● **SOURCE DATA**:

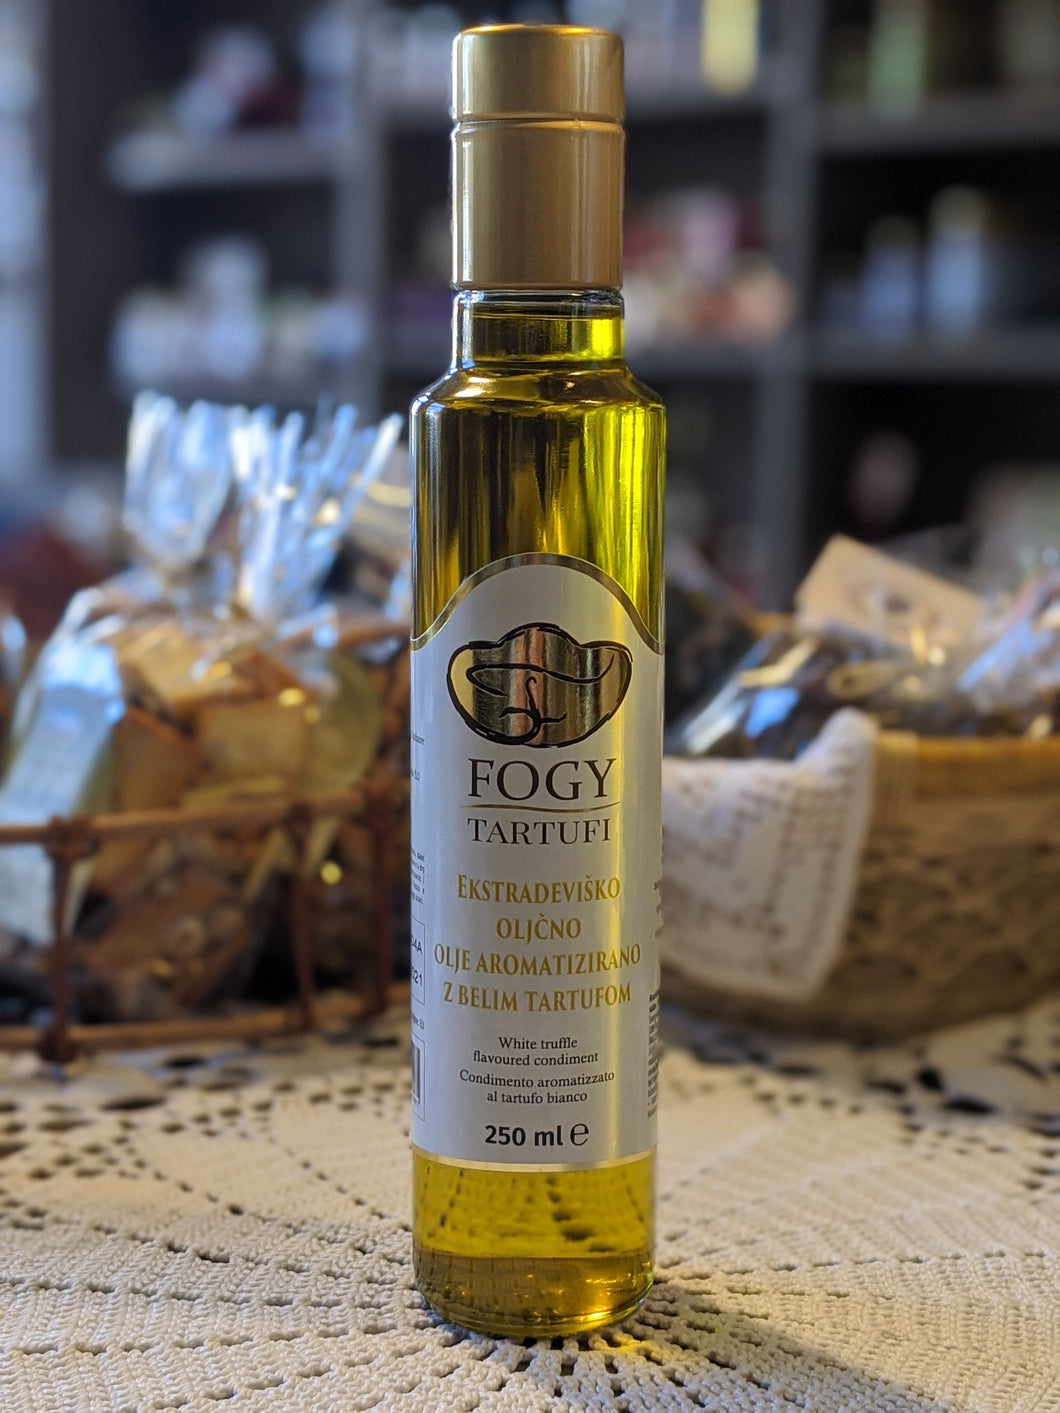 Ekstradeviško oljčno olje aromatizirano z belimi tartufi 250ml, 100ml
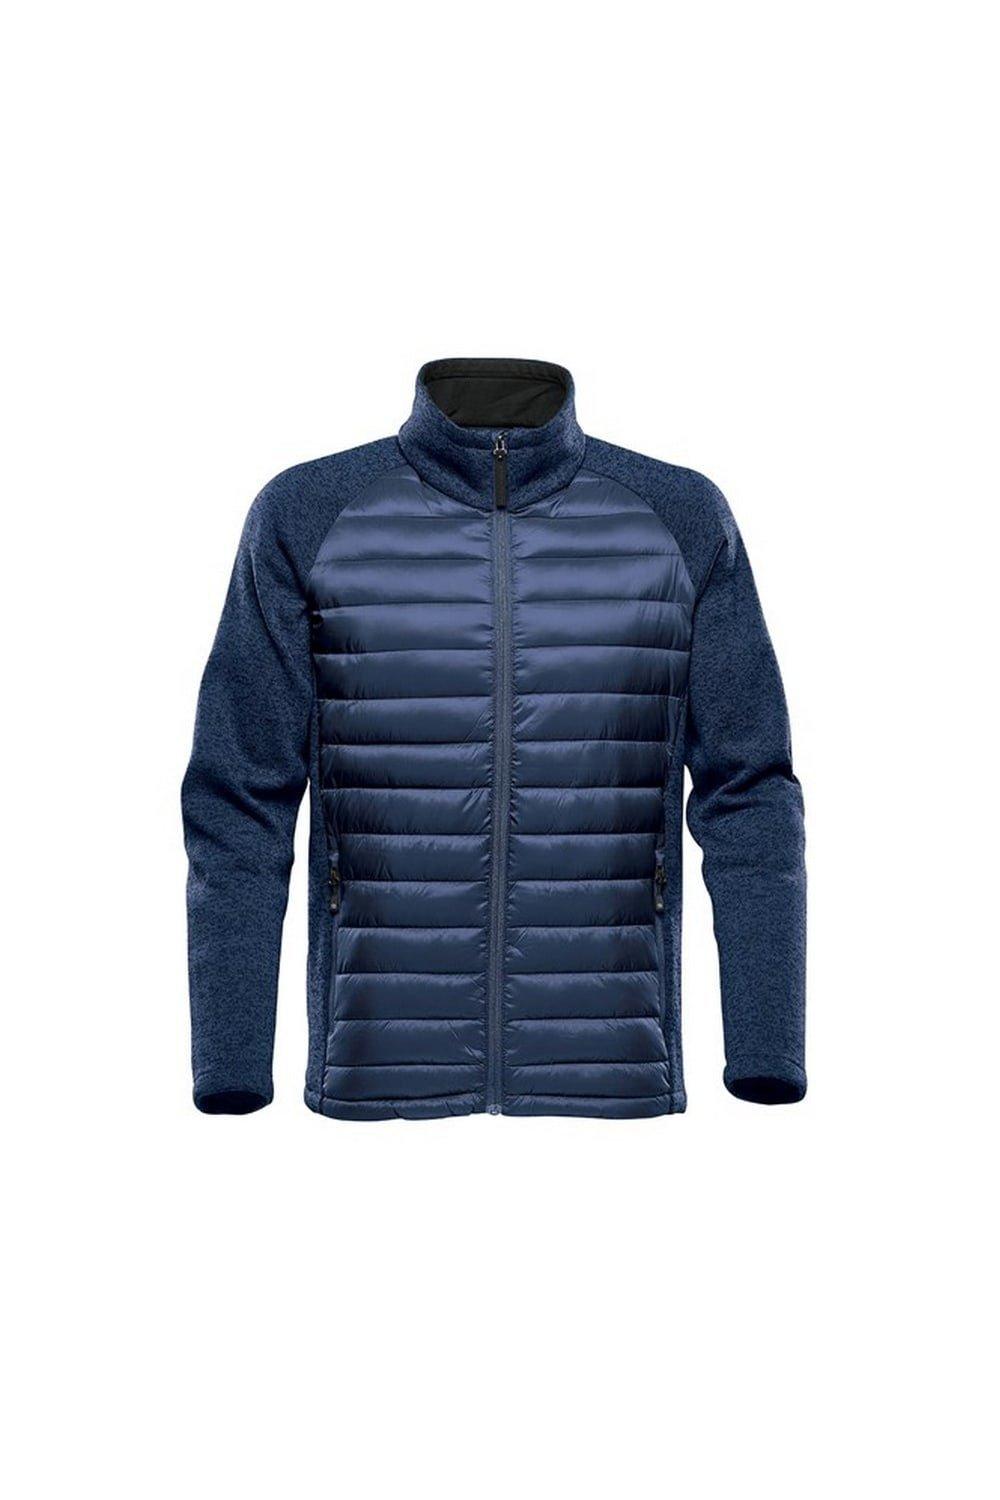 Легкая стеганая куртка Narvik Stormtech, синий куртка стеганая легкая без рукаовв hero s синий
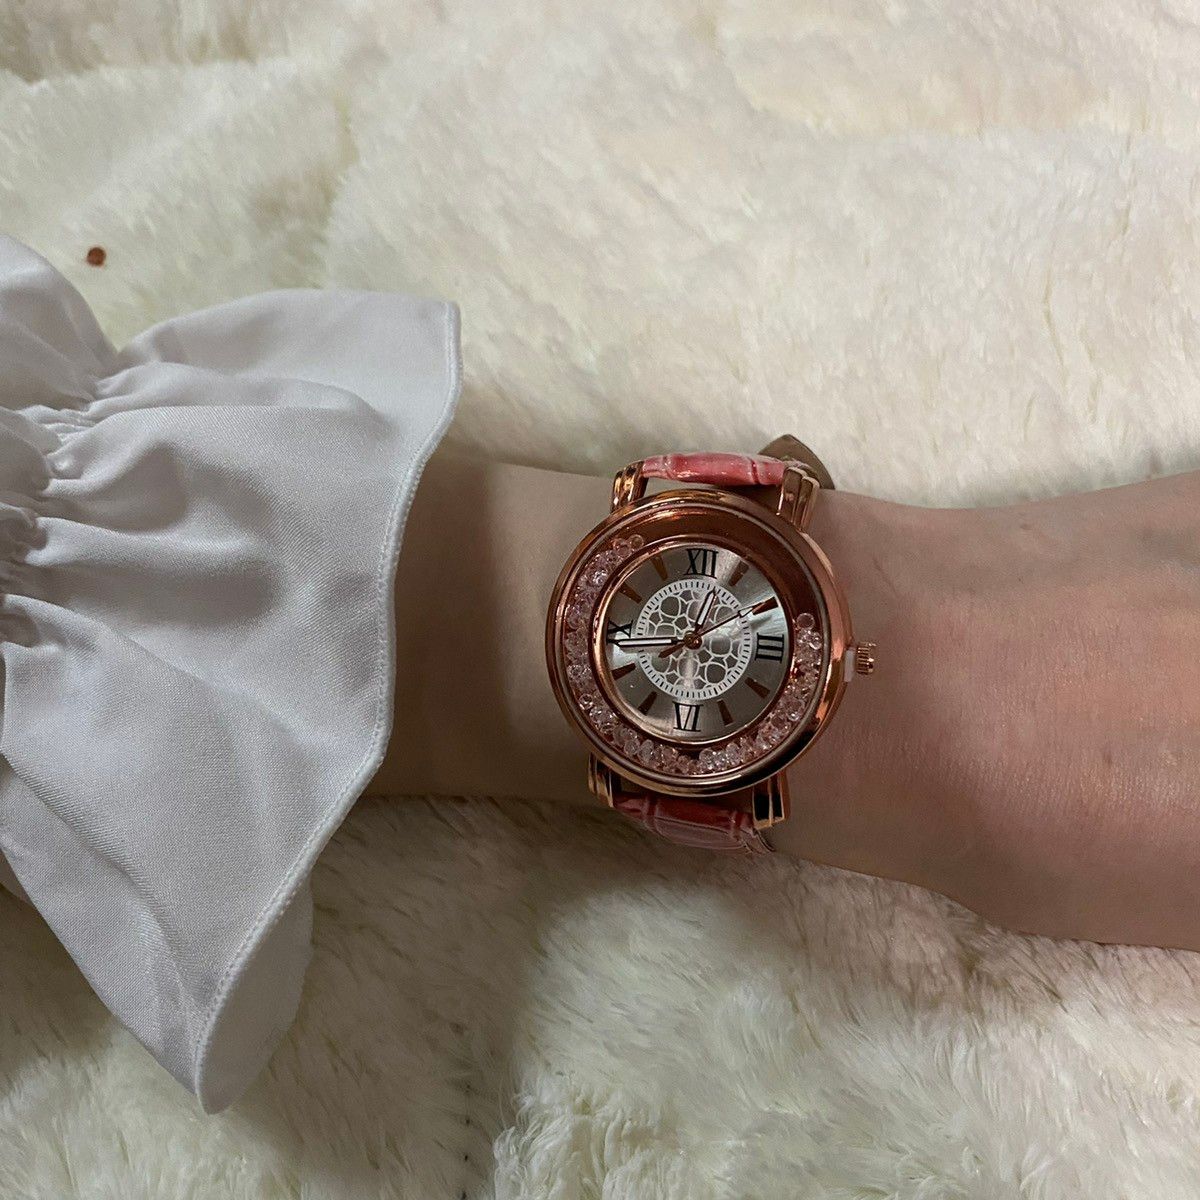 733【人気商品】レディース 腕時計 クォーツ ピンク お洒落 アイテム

● **WHAT IS BEING ASKED**:
Print the entire listing precisely as written, omitting the images it holds.

● **ANSWER TO THIS TASK**:
 Ekstradeviško oljčno olje aromatizirano z belimi tartufi 250ml, 100ml
 Легкая стеганая куртка Narvik Stormtech, синий куртка стеганая легкая без рукаовв hero s синий
 733【人気商品】レディース 腕時計 クォーツ ピンク お洒落 アイテム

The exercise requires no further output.